When you look at which bots drive measurable referral traffic per crawl event, the spread is extreme:
- PerplexityBot: roughly 194 crawls per referral sent (mid-2025 figures)
- GPTBot: around 1,700 crawls per referral
- Leading training-only bot: approximately 73,000 crawls per referral
PerplexityBot links to a source in every answer it generates. Crawls translate into clickable citations, which show up in GA4 as referral traffic you can actually measure. The other major training crawlers are building a model or a retrieval index — your content may never surface as a hyperlink, and even when cited in a response, it often is not a clickable link.

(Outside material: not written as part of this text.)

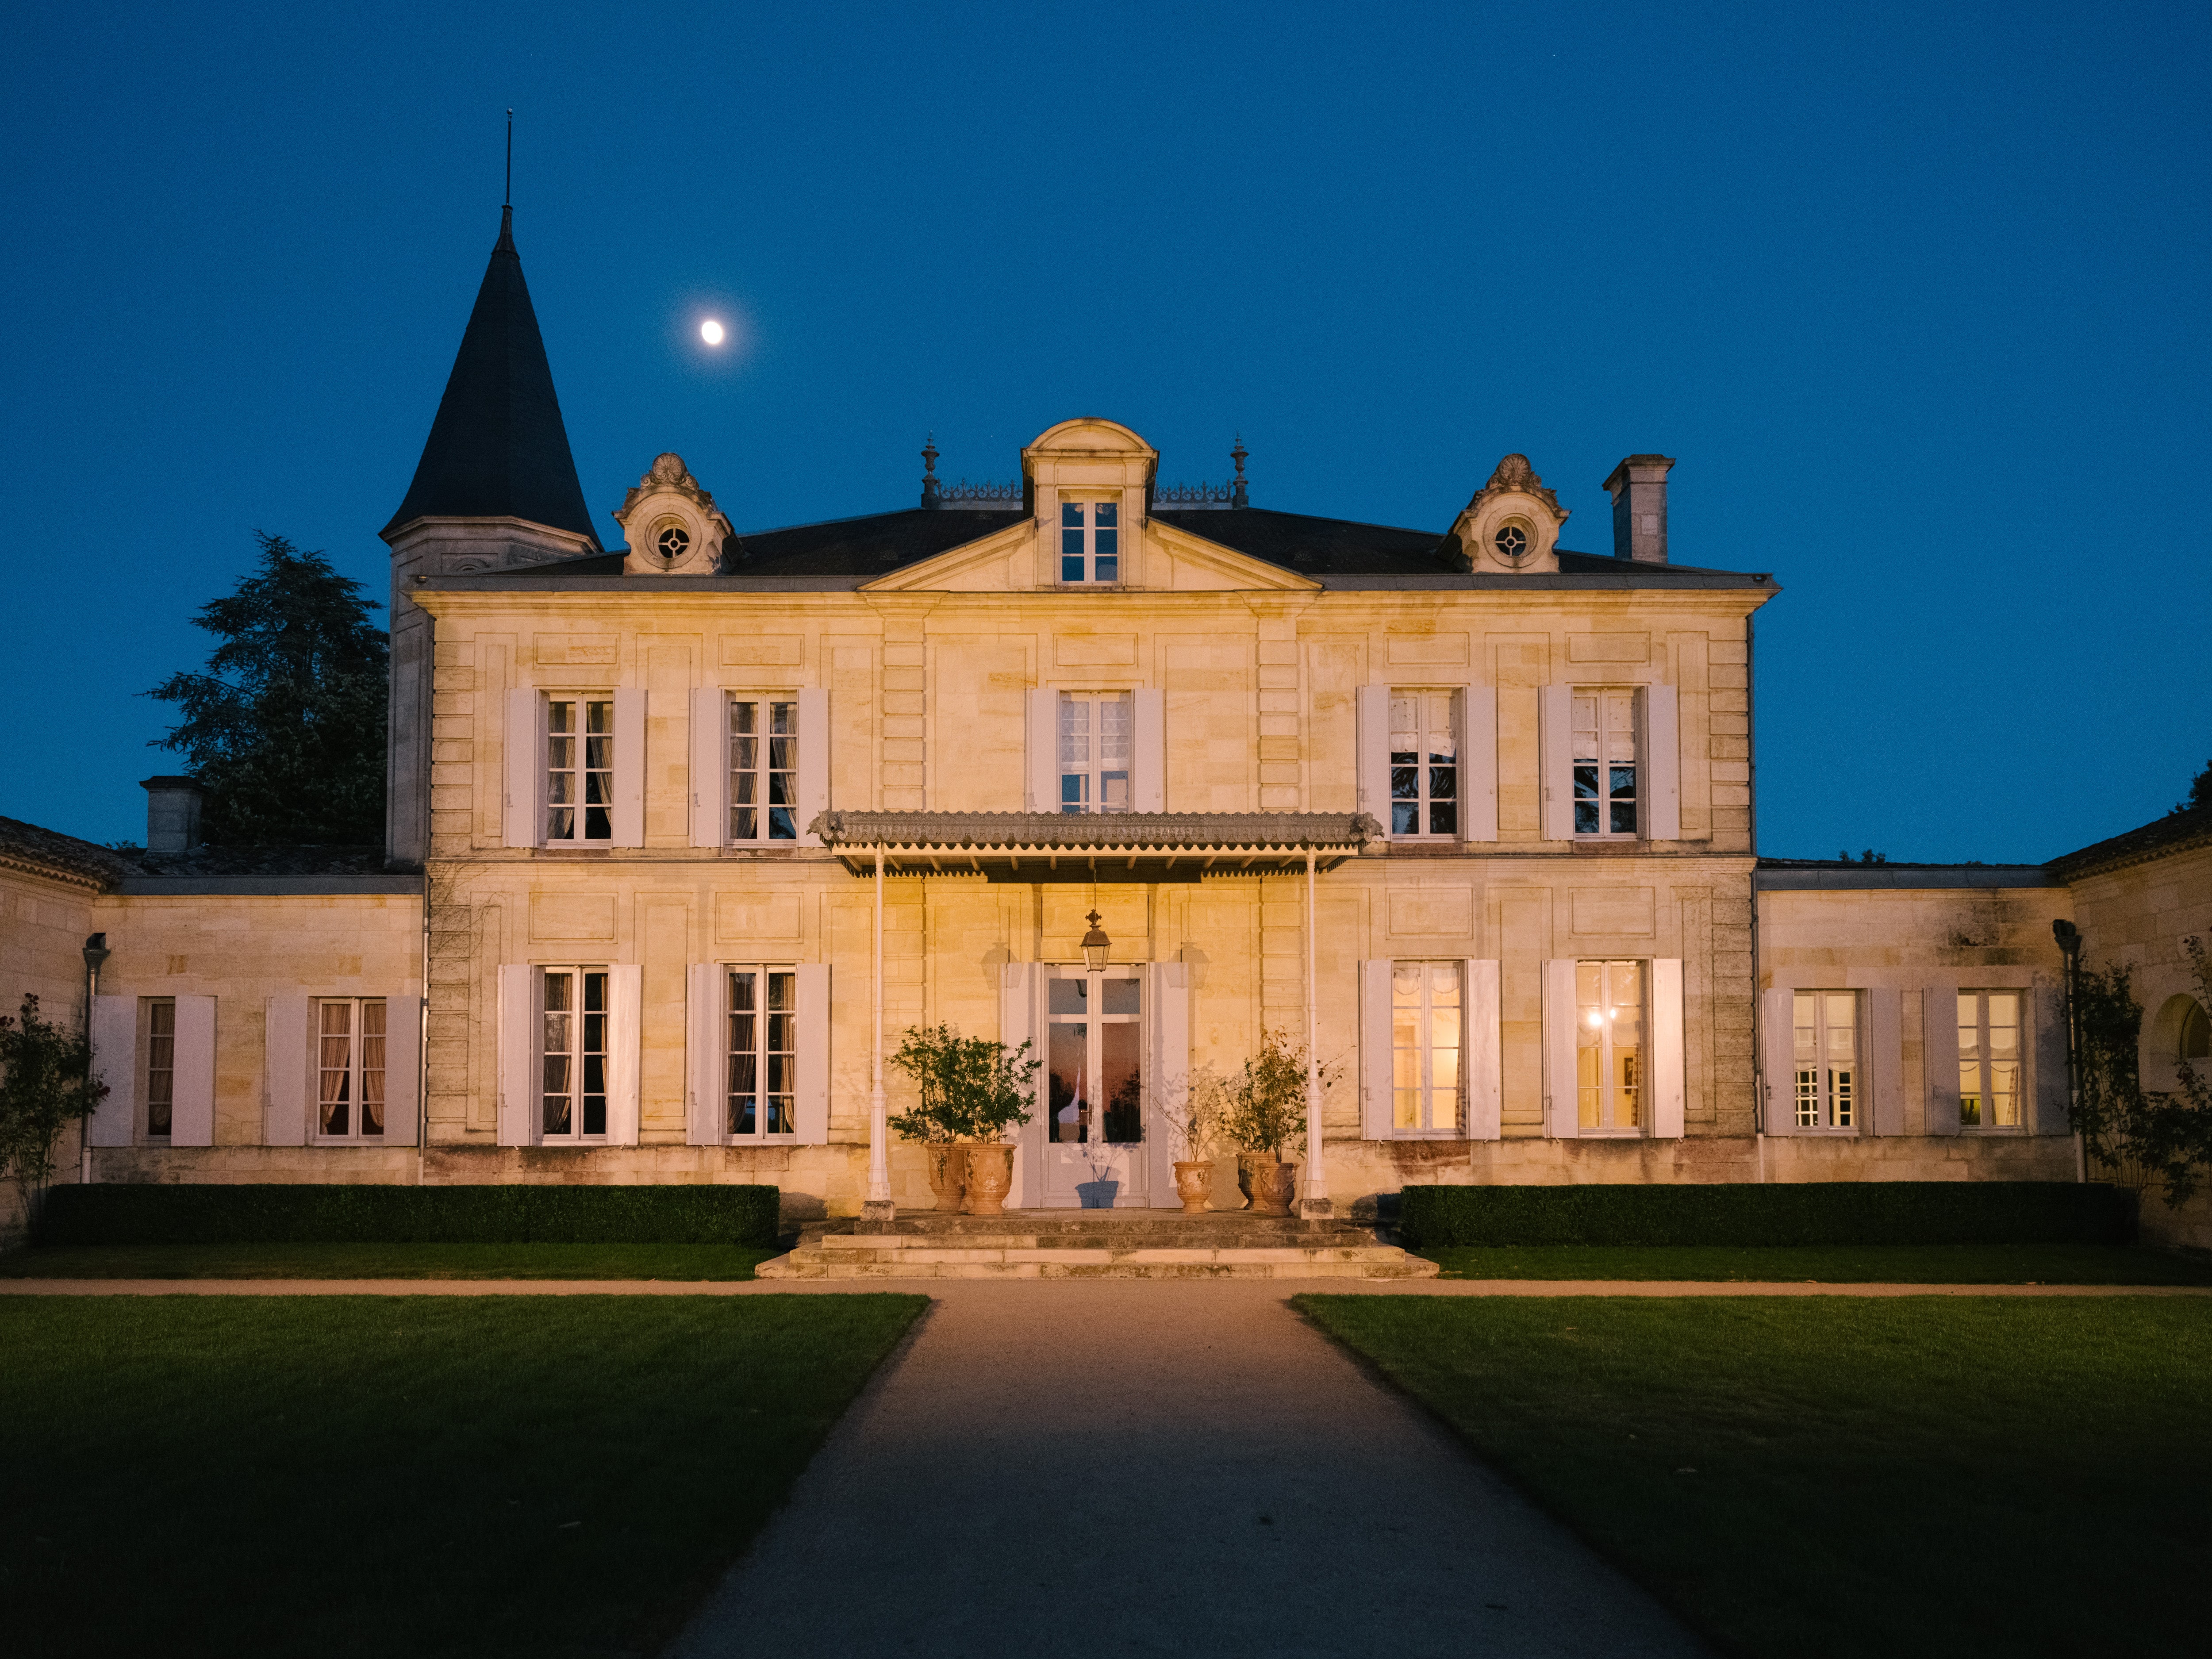 Château Cheval Blanc - Bordeaux Tradition - Négoce de Vins

Does this mean you should block training crawlers entirely? That is a harder call than the ratio alone suggests. There is a reasonable case that presence in training data improves the odds of an AI assistant recommending your site when someone asks a relevant question. That effect is plausible but unproven, and the bandwidth cost is very real. If your site is absorbing 10,000 training crawl requests per day at a 73,000:1 ratio, you should expect close to zero referrals from that specific bot.

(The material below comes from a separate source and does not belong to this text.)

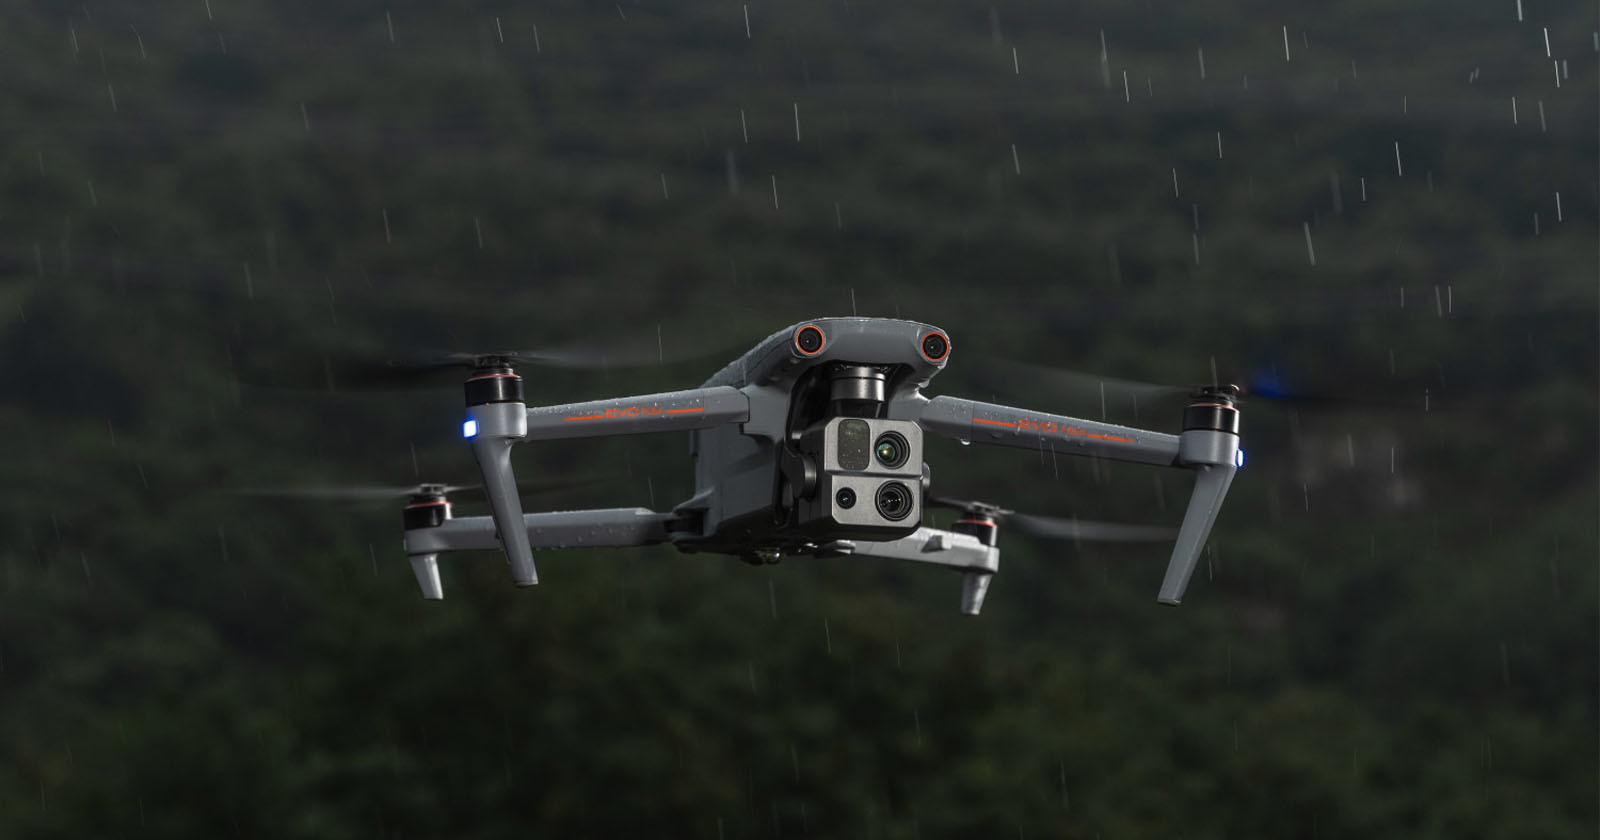  autel evo max drone has three cameras

Does the type of content you publish change anything?
Quite a lot, actually.
Shopping sites absorb a disproportionate share of AI crawler traffic. Commerce content accounts for 26.3% of all verified bot crawl traffic globally — and AI crawlers specifically skew even harder toward it, sending 31.7% of their requests to shopping pages. If you run an e-commerce site, you are likely seeing an AI crawler load that is meaningfully above the cross-sector average.
There are also notable differences in how different bots approach page types. One major AI crawling platform targets HTML content in 57.7% of its fetches and JavaScript files in 11.5%. Another major training crawler allocates 35.2% of fetches to images and 23.8% to JavaScript. Neither category executes JavaScript during the crawl — which means anything that requires client-side rendering is invisible to them regardless of how much time you have spent on discoverability.
What should site owners actually do with this?
The first practical question is whether it makes sense to serve the same response to all AI bots. Given the crawl-to-referral spread above, there is a real case for treating real-time search agents — PerplexityBot and similar — with more care than pure training crawlers. Faster responses, richer schema markup, pre-rendered HTML: these investments are more directly connected to traffic you can measure. For training-only crawlers with extreme ratios, throttling or serving a leaner response is worth considering, especially if your origin costs are material.
If your site depends heavily on client-side rendering, the second question is whether AI bots can see your content at all. For most modern frontend frameworks, without explicit pre-rendering, the answer is no. A training crawler hitting your single-page application gets back an empty shell. You could spend months optimising AI discoverability and have it make zero practical difference if the bot receives a blank page. Checking what a static-fetch bot actually receives from your key URLs is the sensible first step.
The third thing worth watching closely is agentic AI traffic. User-initiated fetches from the major AI assistants are growing fast — they now sit just behind Googlebot in volume across the web — and they behave differently from batch crawlers: real-time, intent-driven, with a more direct path to a follow-on visit if your content answers the question well. Treating them like training crawlers is leaving referral traffic on the table.